05 April 2017, 09:35, A6-004
Session chair: Jianying Zhou, Institute for Infocomm Research, Singapore
VTBPEKE: Verifier-based Two-Basis Password Exponential Key Exchange
David Pointcheval, Guilin Wang
PAKE protocols, for Password-Authenticated Key Exchange, enable two parties to establish a shared cryptographically strong key over an insecure network using a short common secret as authentication means. After the seminal work by Bellovin and Merritt, with the famous EKE, for Encrypted Key Exchange, various settings and security notions have been defined, and many protocols have been proposed. In this paper, we revisit the promising SPEKE, for Simple Password Exponential Key Exchange, proposed by Jablon. The only known security analysis works in the random oracle model under the CDH assumption, but in the multiplicative groups of finite fields only (subgroups of Zp*), which means the use of large elements and so huge communications and computations. Our new instantiation (TBPEKE, for Two-Basis Password Exponential Key Exchange) applies to any group, and our security analysis requires a DLIN-like assumption to hold. In particular, one can use elliptic curves, which leads to a better efficiency, at both the communication and computation levels. We additionally consider server corruptions, which immediately leak all the passwords to the adversary with symmetric PAKE. We thus study an asymmetric variant, also known as VPAKE, for Verifier-based Password Authenticated Key Exchange. We then propose a verifier-based variant of TBPEKE, the so-called VTBPEKE, which is also quite efficient, and resistant to server-compromise.
Boosting the Guessing Attack Performance on Android Lock Patterns with Smudge Attacks
Seunghun Cha, Sungsu Kwag, Hyoungshick Kim, Jun Ho Huh
Android allows 20 consecutive fail attempts on unlocking a device. This makes it difficult for pure guessing attacks to crack user patterns on a stolen device before it permanently locks itself. We investigate the effectiveness of combining Markov model-based guessing attacks with smudge attacks on unlocking Android devices within 20 attempts. Detected smudges are used to pre-compute all the possible segments and patterns, significantly reducing the pattern space that needs to be brute-forced. Our Markov-model was trained using 70% of a real-world pattern dataset that consists of 312 patterns. We recruited 12 participants to draw the remaining 30% on Samsung Galaxy S4, and used smudges they left behind to analyze the performance of the combined attack. Our results show that this combined method can significantly improve the performance of pure guessing attacks, cracking 74.17% of patterns compared to just 13.33% when the Markov model-based guessing attack was performed alone—those results were collected from a naive usage scenario where the participants were merely asked to unlock a given device. Even under a more complex scenario that asked the participants to use the Facebook app for a few minutes—obscuring smudges were added as a result—our combined attack, at 31.94%, still outperformed the pure guessing attack at 13.33%. Obscuring smudges can significantly affect the performance of smudge-based attacks. Based on this finding, we recommend that a mitigation technique should be designed to help users add obscurity, e.g., by asking users to draw a second random pattern upon unlocking a device.

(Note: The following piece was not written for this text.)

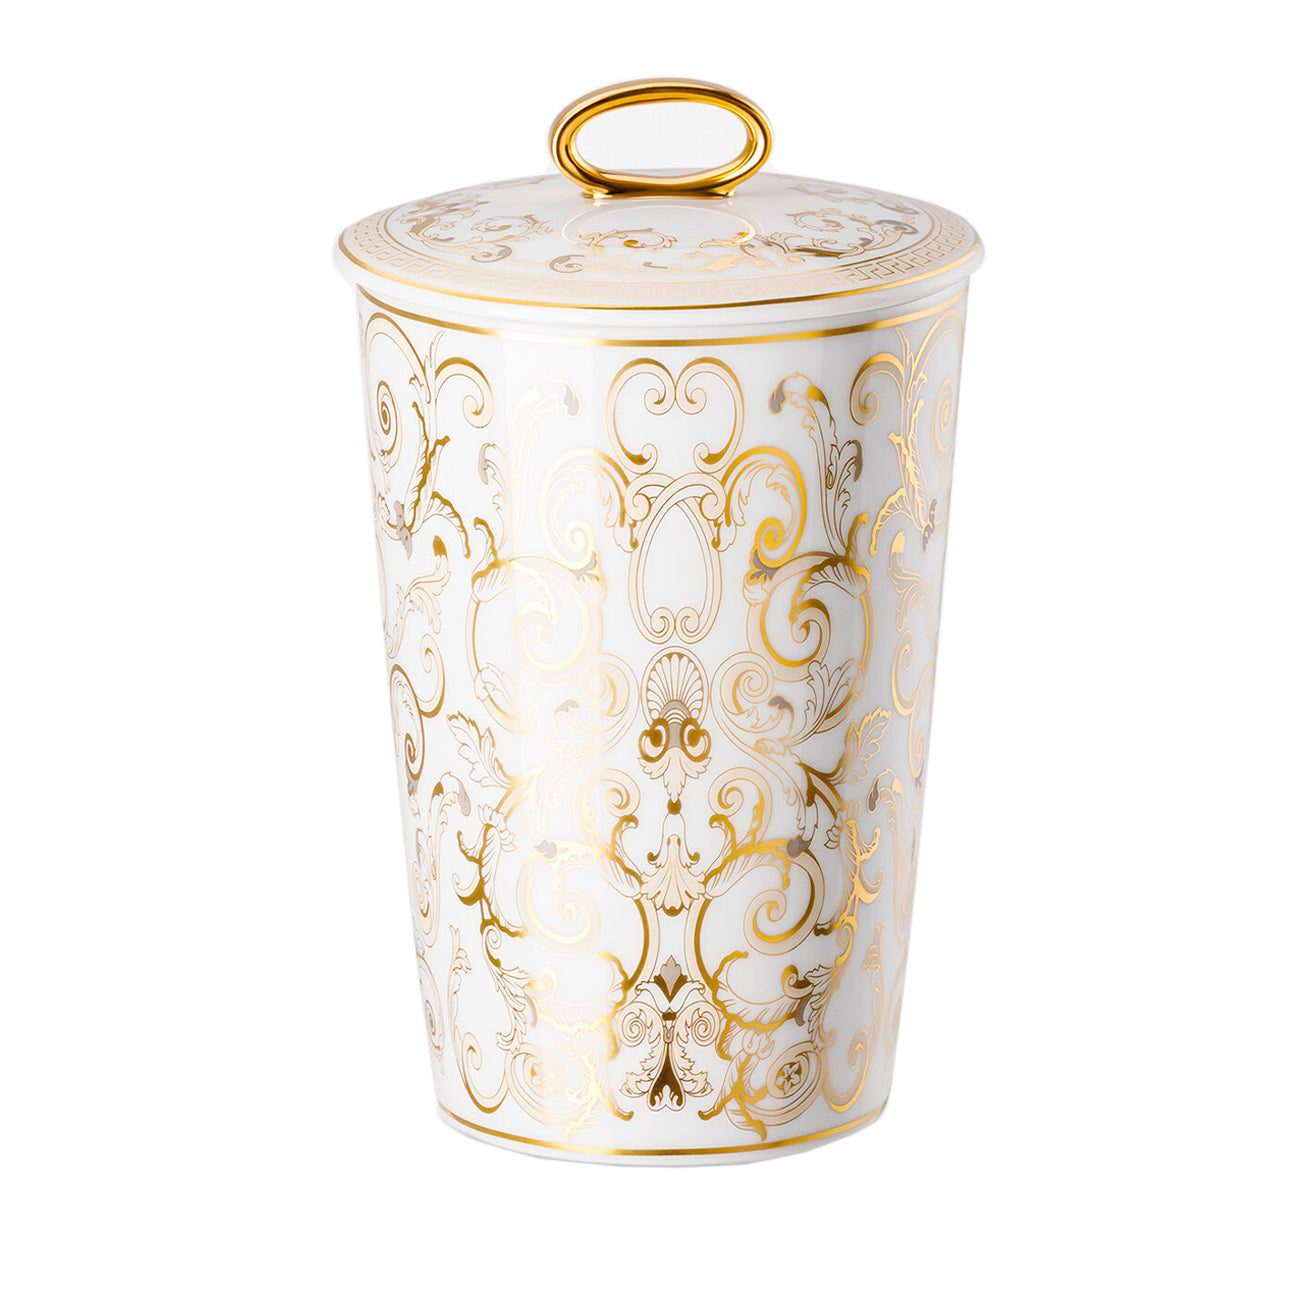 Versace Medusa Gala Scented Candle Pot, Versace - RSVP Style

Short Paper: What You See is Not What You Get: Leakage-Resilient Password Entry Schemes for Smart Glasses
Yan Li, Yao Cheng, Yingjiu Li, Robert H. Deng
Smart glasses are becoming popular for users to access various services such as email. To protect these services, password-based user authentication is widely used. Unfortunately, the password-based user authentication has inherent vulnerability against password leakage. Many efforts have been put on designing leakage-resilient password entry schemes on PCs and mobile phones with traditional input equipment including keyboards and touch screens. However, such traditional input equipment is not available on smart glasses. Existing password entry on smart glasses relies on additional PCs or mobile devices. Such solutions force users to switch between different systems, which causes interrupted experience and may lower the practicability and usability of smart glasses. In this paper, we propose a series of leakage-resilient password entry schemes on stand-alone smart glasses, which are gTapper, gRotator, and gTalker. These schemes ensure no leakage in password entry by breaking the correlation between the underlying password and the interaction observable to adversaries. They are practical in the sense that they only require a touch pad, a gyroscope, and a microphone which are commonly available on smart glasses. The usability of the proposed schemes is evaluated by user study under various test conditions which are common in users’ daily usage. The results of our user study reveal that the proposed schemes are easy-to-use so that users enter their passwords within moderate time, at high accuracy, and in various situations.